A hush falls over the conference room as everyone expectantly watches El Diablo, as a slot machine-like visual scrolls through all the WCL members one at a time rapidly, slowing down gradually as it gets closer to stopping on the winner. After many suspenseful seconds, Mugsy's image is displayed on the screen.
"IMPOSSIBLE!" Blight shouts, slamming his fist on the table.
"By cleaning the pool, you technically did community service, which is the opposite of petty crime, so Mugsy took the lead." El Diablo explains, as Mugsy receives a new Mugsy mug as well as a medal crafted from the gold that Meatsmith melted down.
"Wait, wait, you said the PID is throwing a party? I should probably head there." Windsor says, standing up and running downstairs and out the door before anyone can stop him.
"You know, I made a crime recently." Adzaster comments, before placing a massive on the table.
"What is that?" El Diablo asks.
"Absolutely huge." Adzaster says, before leaving to return to the advertising room. The proposition seems impressed with this, though it's hard to say for certain.
"Anyways, obviously most of you are gonna be thrilled to go on this mission, so instead of deciding who WILL be going, let's figure out who WON'T be." El Diablo says.
"Alright, anyone not in my van in the next twenty seconds isn't coming." mxy says, before dashing away from the conference table. Blight, Crime Lad, Dinomundo, and Lunch promptly scramble after mxy, and Boneregard follows at a more leisurely pace, while everyone else either sticks behind or is too caught off guard to follow. The sound of screeching tires can be heard as mxy zooms away with the others who came along, leaving behind El Diablo, Cybr, Bunny, Bunny's Shadow, not cool, the proposition, and Mugsy at the conference table. Cybr gets up and just walks back to his office, locking the door behind him. A few seconds later, everyone else gets up and goes back to their respective domains, leaving El Diablo as the only person at the table.
"Yo, am I late?" Trash King says, popping up out of the trash bin.
"Yeah, a little." El Diablo responds.
"Alright, was just gonna say I ain't gonna be available anyways, so whatevah." Trash King dips back into the bin, and El Diablo uses his repaired legs to return upstairs to the throne room.
"Aw, no, no, no, NO!" mxy cries in frustration as the nastoids begin spawning in the road.

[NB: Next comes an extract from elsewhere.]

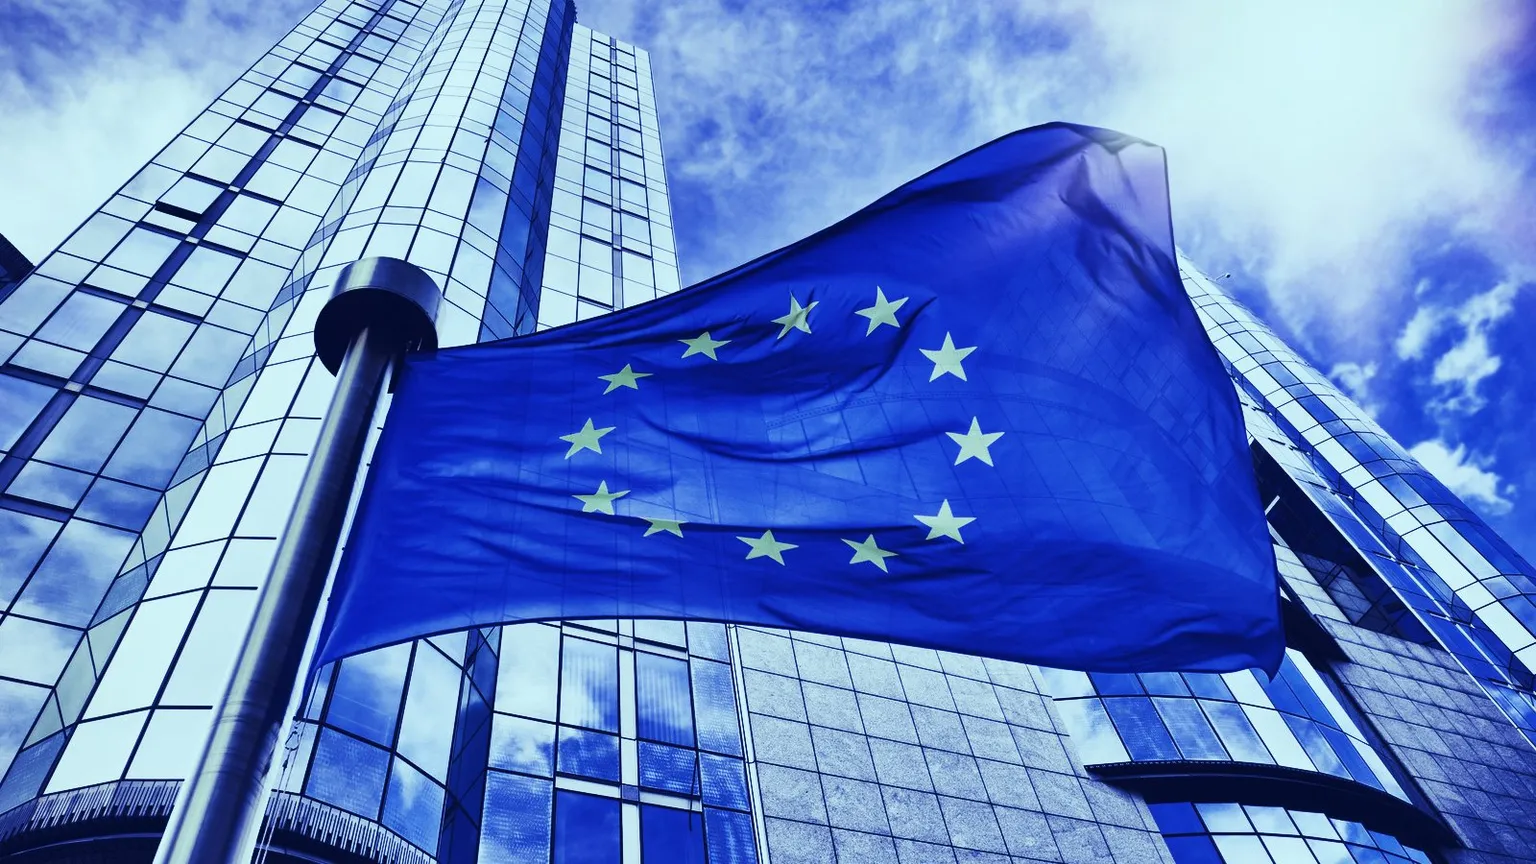 The EU. Image: Shutterstock

He had been hoping that his urgent leaving from the meeting would let him get to the relatively nearby PID without interruption, but it seems he was seconds too late. It seems these nastoids are more coordinated than usual, too, forming essentially an unliving wall blocking the road. In front of all these is a regular, non-nastoid zombie named Mr. Fantango, who is waving around a flag to command the nastoids. This flag is actually his Stand, Zombies On Your Lawn, which allows him to control the otherwise mindless nastoids that spawn at night.
"Halt! This street is nastoid protected! You'll have to go somewhere else!" Mr. Fantango says as mxy repeatedly slams his fist on the horn.
"Get the hell out of the road! The only thing this is doing is endangering you and your nasty friends, because if you don't move, I'll just plow right through you."
"I'd like to see you try." sneers Mr. Fantango. mxy steps on the gas, and Mr. Fantango has the nastoids focus their numbers right in front of mxy's van, causing it to crash into them and crumble, being completely totaled in the process.
"FUCKING DUMBASS ZOMBIES!" mxy screams with anger.
"I warned you, but you didn't listen! You'll have to wait until morning if you want to go through here!"
"We're on a mission here, bud. Don't make me go out there and deal with you myself."
"What exactly would you even do, huh? There's way too many of us to take on with your bare hands!"
mxy brings out a bottle of vinegarf, and hurls it into Mr. Fantango's oversized eye, blinding him. Mr. Fantango loses focus, and the nastoids blocking the road disperse, leaving the path to the PID clear. mxy waves for everyone to get out of his wrecked van as he begins hauling it back to the WCL, while everyone else continues towards the PID.